If they know which sites are infringing, then why don’t they use their draconian laws to simply get those sites shut down.

Why are they always so focused on links. Enablers. Facilitators. Why harm innocent people. Why not just go directly after the pirates?

Why extradite a kid who ran a site that is legal in his own country, just because he LINKED to some videos? How many other sites link to those videos? If you simply got rid of the site HOSTING the videos, then the sites that link to them wouldn’t matter anymore.

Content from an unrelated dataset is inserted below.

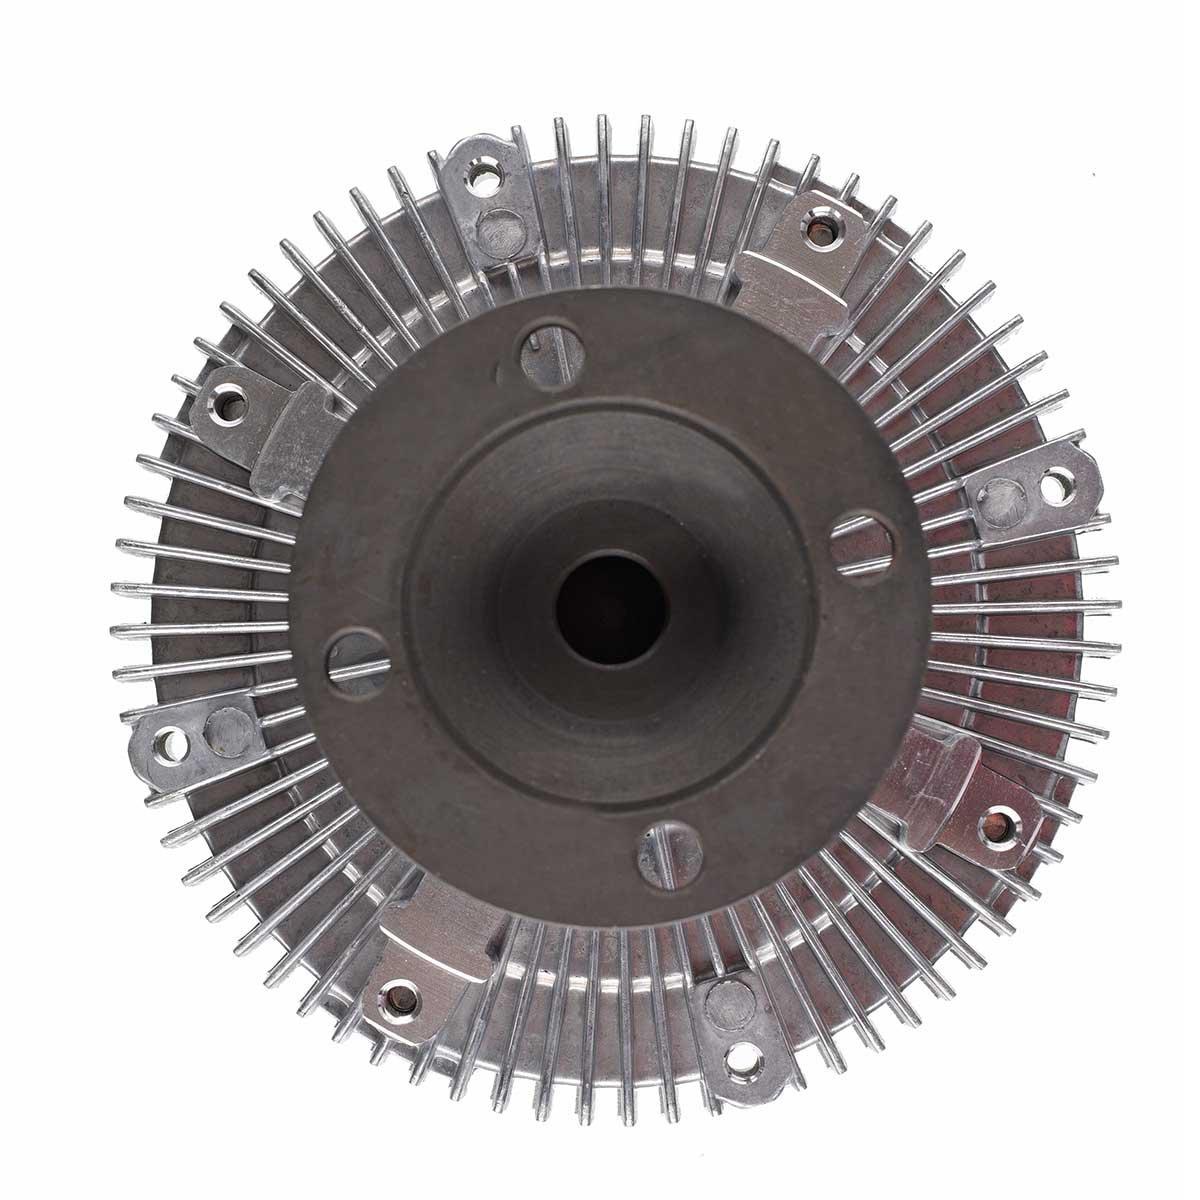 A-Premium Engine Cooling Fan Clutch for Lexus SC300 1992-2000 GS300 1993-1998 Toyota Supra 1993-1998 l6 3.0L

It’s like trying to get rid of signs that say “The Crack House is located on 123 Maple St.”. If you get rid of the crack house, then all of the signs that direct people to it become irrelevant.

These people are not very bright.

Don’t they have the draconian laws to just shut down the hosting sites? Don’t they own enough governments that will do whatever they say? Oh, but it must be the links that actually matter.